I want to convert some multi-pages .tif or .pdf files to individual .png images. From command line (using ImageMagick) I just do:
convert multi_page.pdf file_out.png
And I get all the pages as individual images (file_out-0.png, file_out-1.png, ...)
I would like to handle this file conversion within Python, unfortunately PIL cannot read .pdf files, so I want to use PythonMagick. I tried:
import PythonMagick
im = PythonMagick.Image('multi_page.pdf')
im.write("file_out%d.png")
or just
im.write("file_out.png")
But I only get 1 page converted to png.
Of course I could load each pages individually and convert them one by one. But there must be a way to do them all at once?
ImageMagick is not memory efficient, so if you try to read a large pdf, like 100 pages or so, the memory requirement will be huge and it might crash or seriously slow down your system.

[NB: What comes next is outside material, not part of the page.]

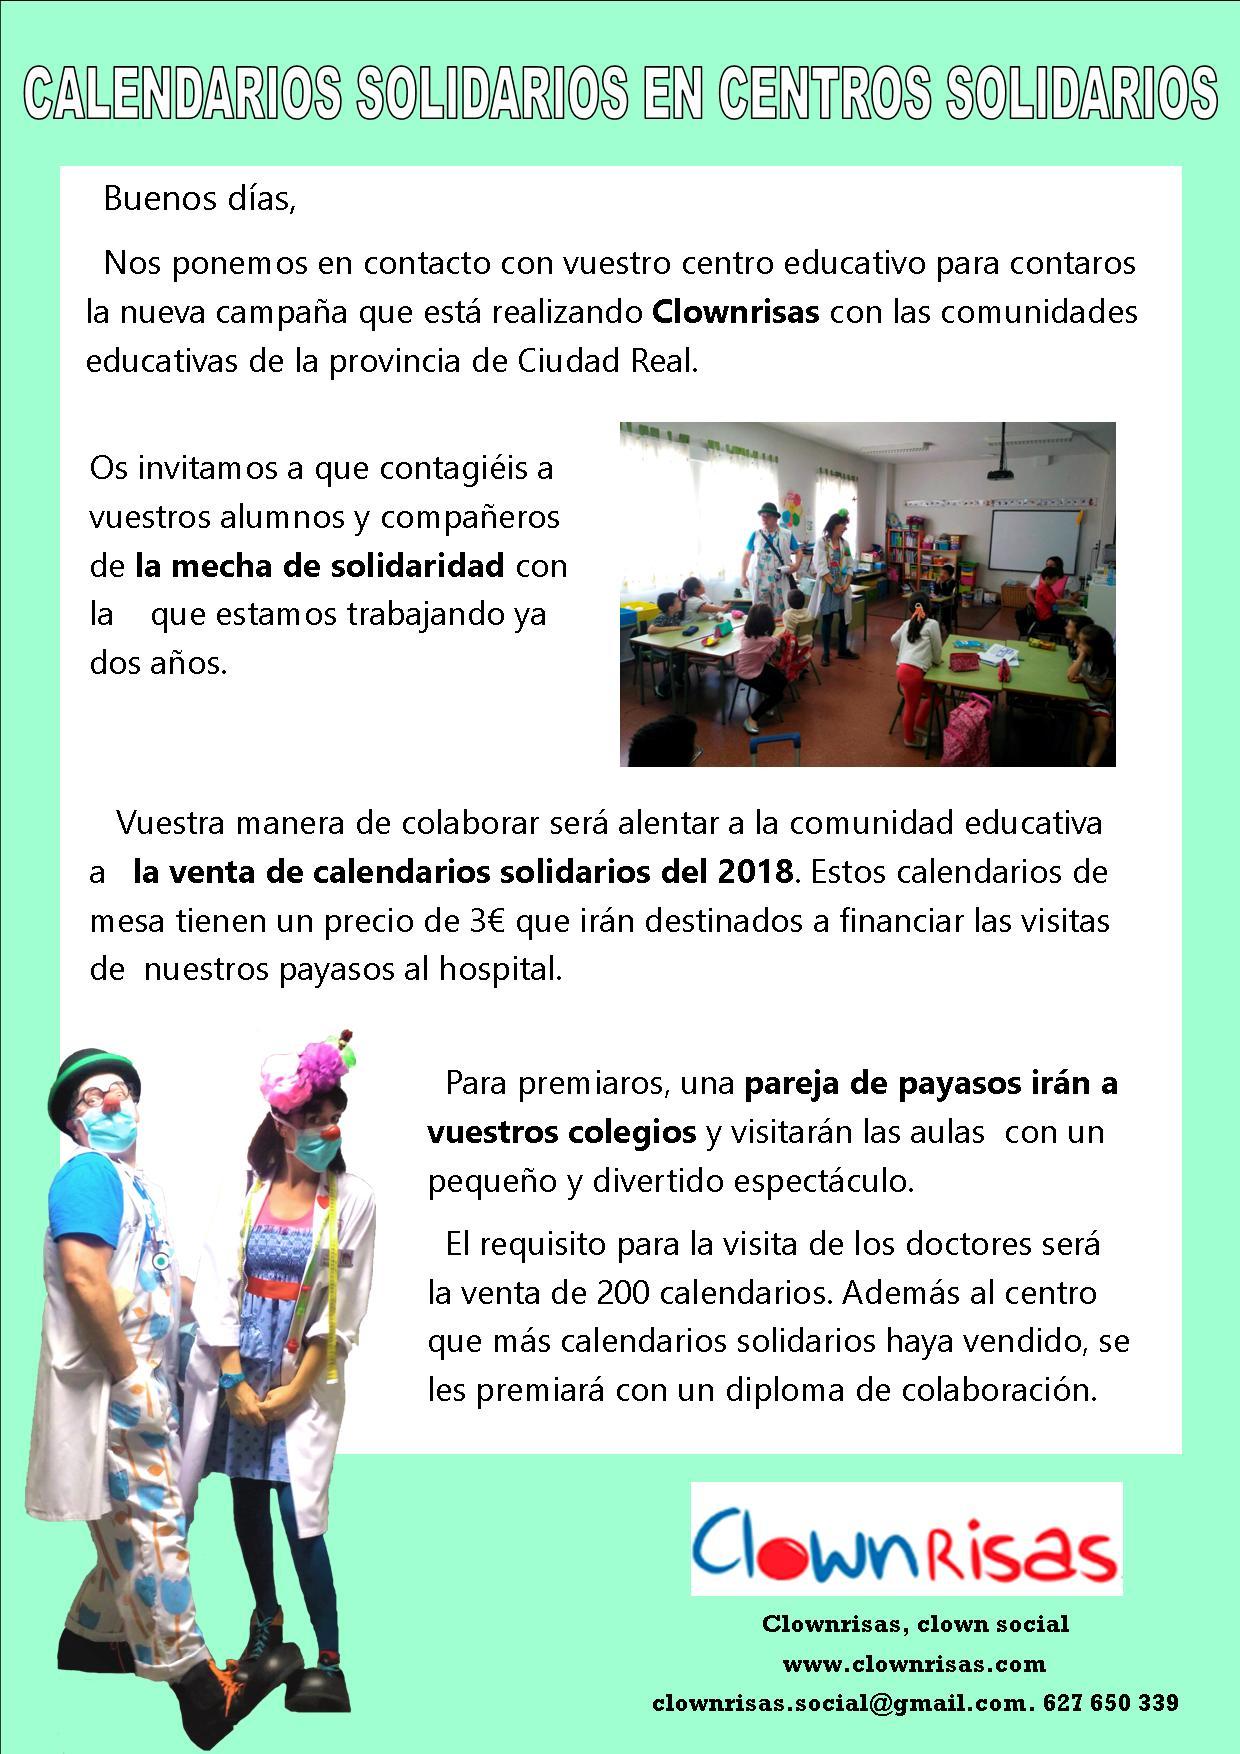 Colegios solidarios, calendarios solidarios.

So after all reading all pages at once with PythonMagick is a bad idea, its not safe.
So for pdfs, I ended up doing it page by page, but for that I need to get the number of pages first using pyPdf, its reasonably fast:
pdf_im = pyPdf.PdfFileReader(file('multi_page.pdf', "rb"))
npage = pdf_im.getNumPages()
for p in npage:
im = PythonMagick.Image('multi_page.pdf['+ str(p) +']')

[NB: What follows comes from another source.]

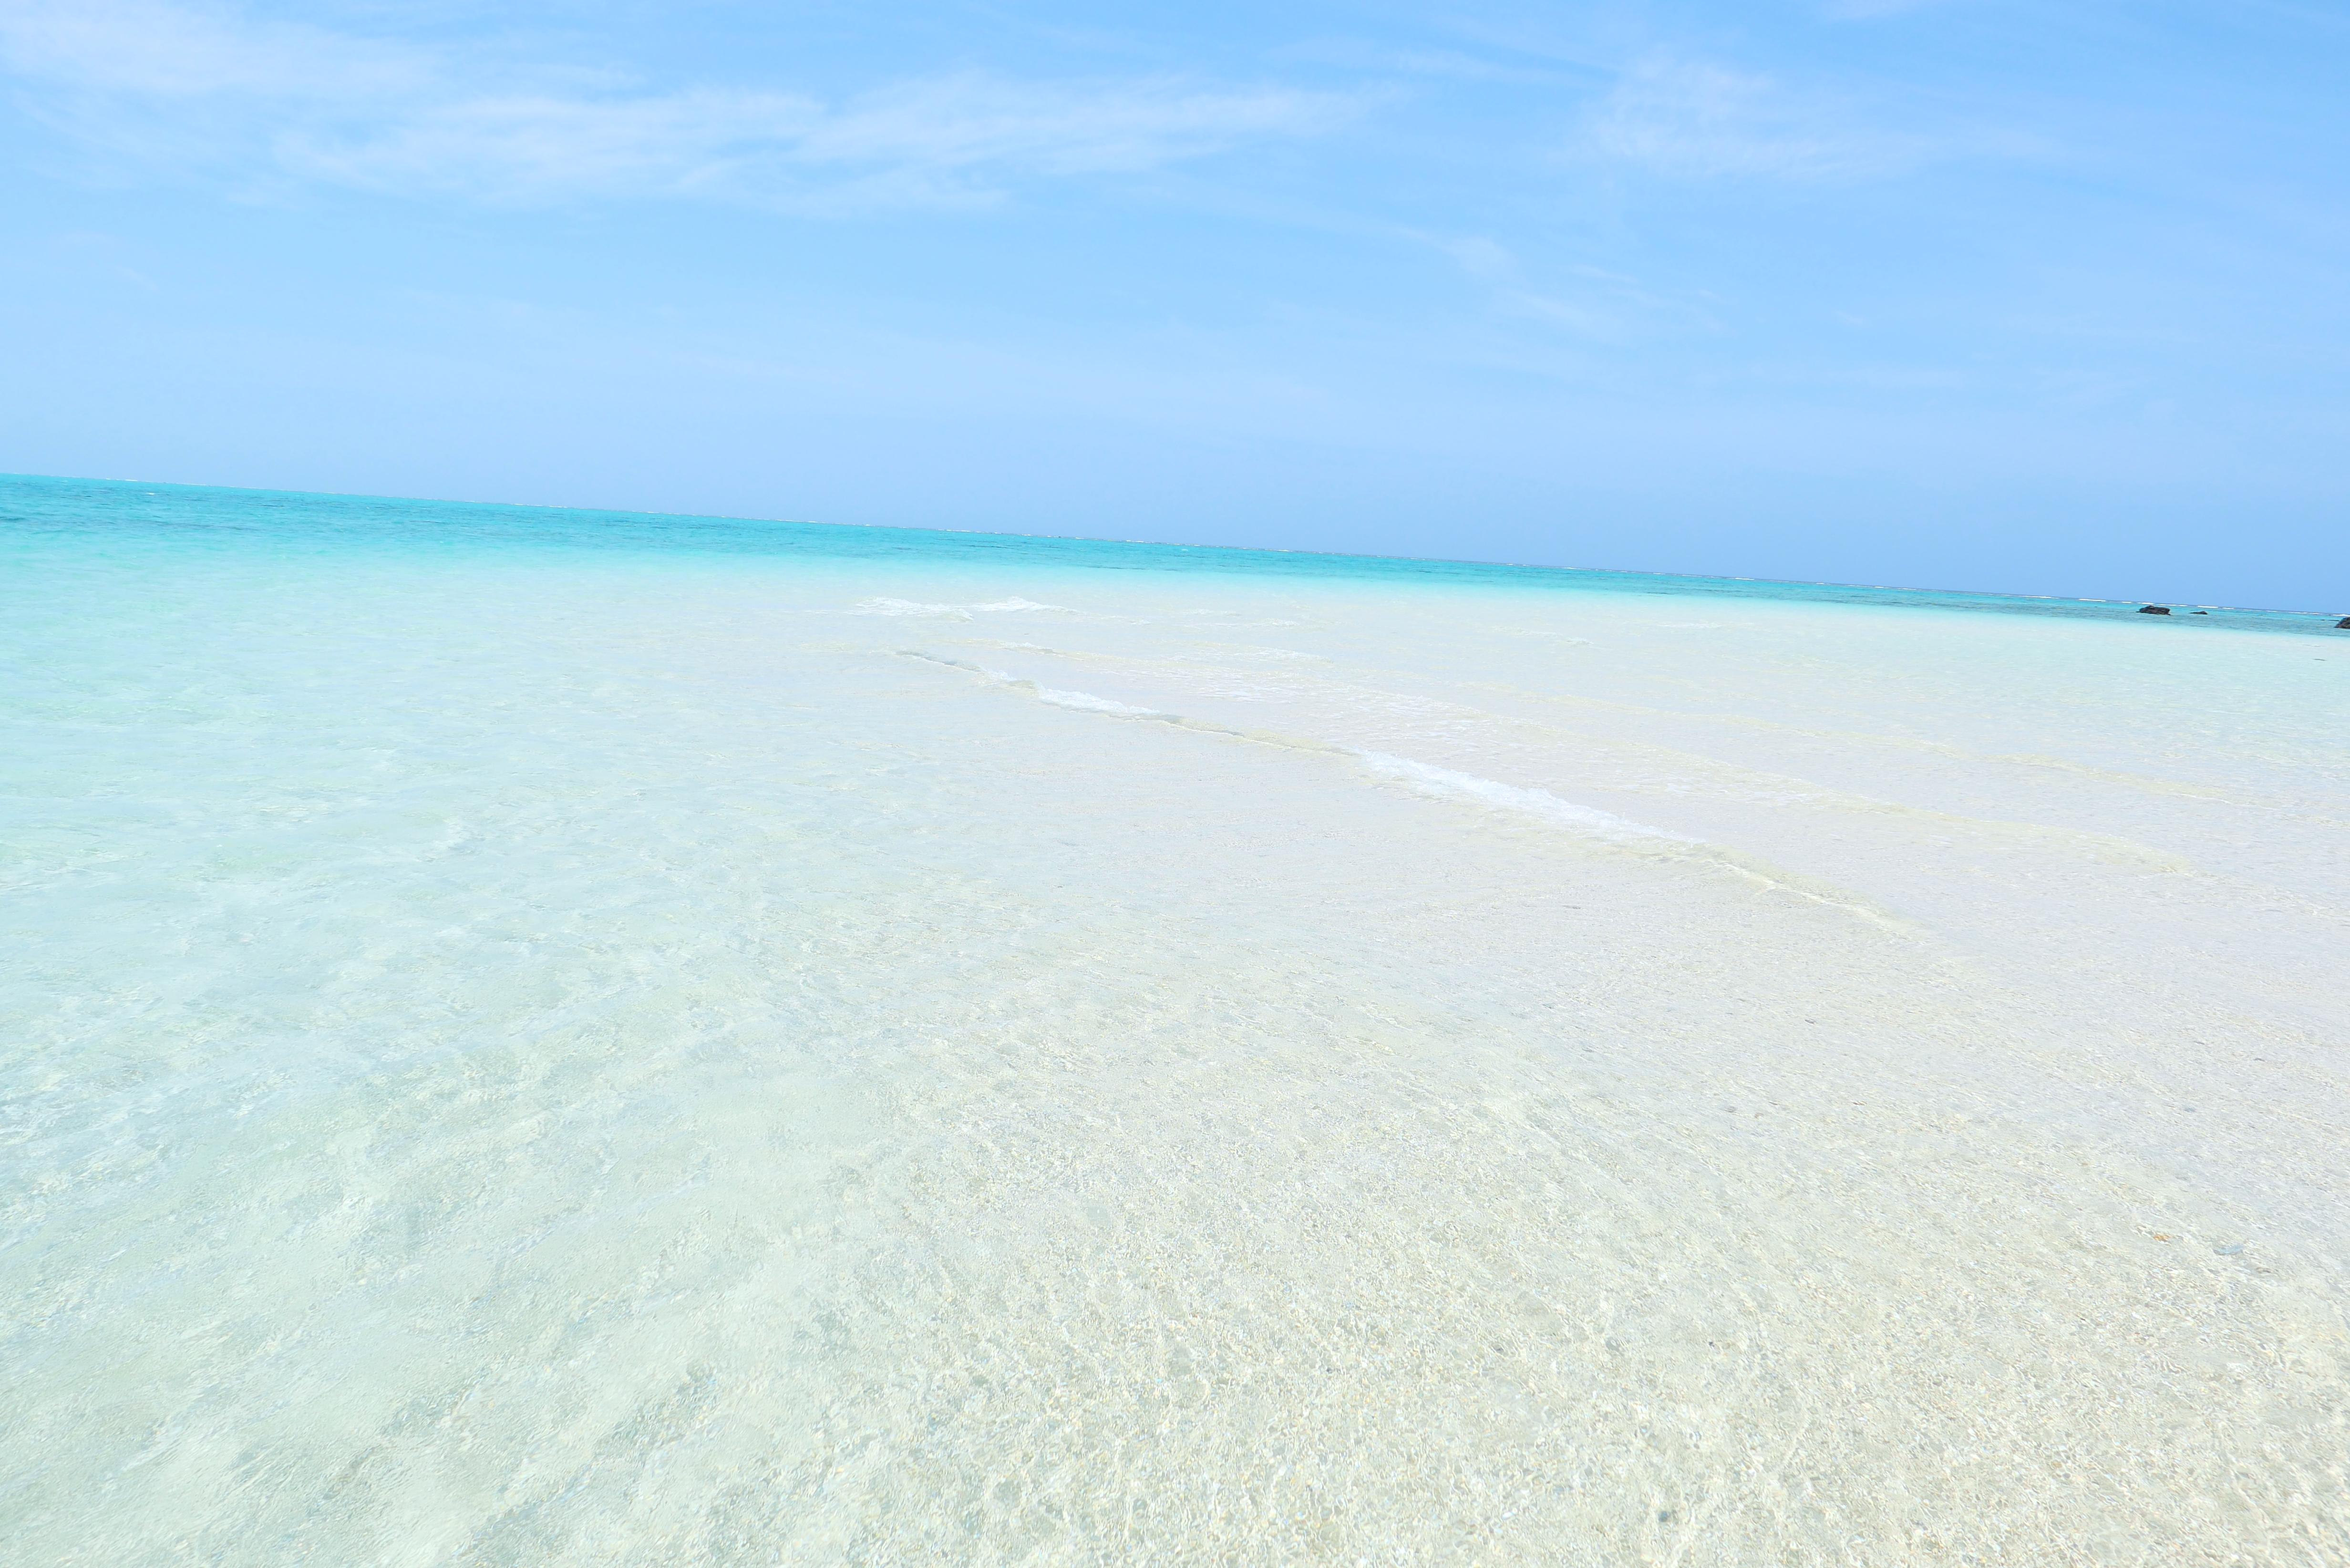 【リゾナーレ小浜島 宿泊ルポ|後編】幻の島、海上ラウンジ、日本最大珊瑚礁でのシュノーケルまで、最高のアクティビティを体験! 画像14

im.write('file_out-' + str(p)+ '.png')
A more complete example based on the answer by Ivo Flipse and http://p-s.co.nz/wordpress/pdf-to-png-using-pythonmagick/
This uses a higher resolution and uses PyPDF2 instead of older pyPDF.
import sys
import PyPDF2
import PythonMagick
pdffilename = sys.argv[1]
pdf_im = PyPDF2.PdfFileReader(file(pdffilename, "rb"))
npage = pdf_im.getNumPages()
print('Converting %d pages.' % npage)
for p in range(npage):
im = PythonMagick.Image()
im.density('300')
im.read(pdffilename + '[' + str(p) +']')
im.write('file_out-' + str(p)+ '.png')
I had the same problem and as a work around i used ImageMagick and did
import subprocess
params = ['convert', 'src.pdf', 'out.png']
subprocess.check_call(params)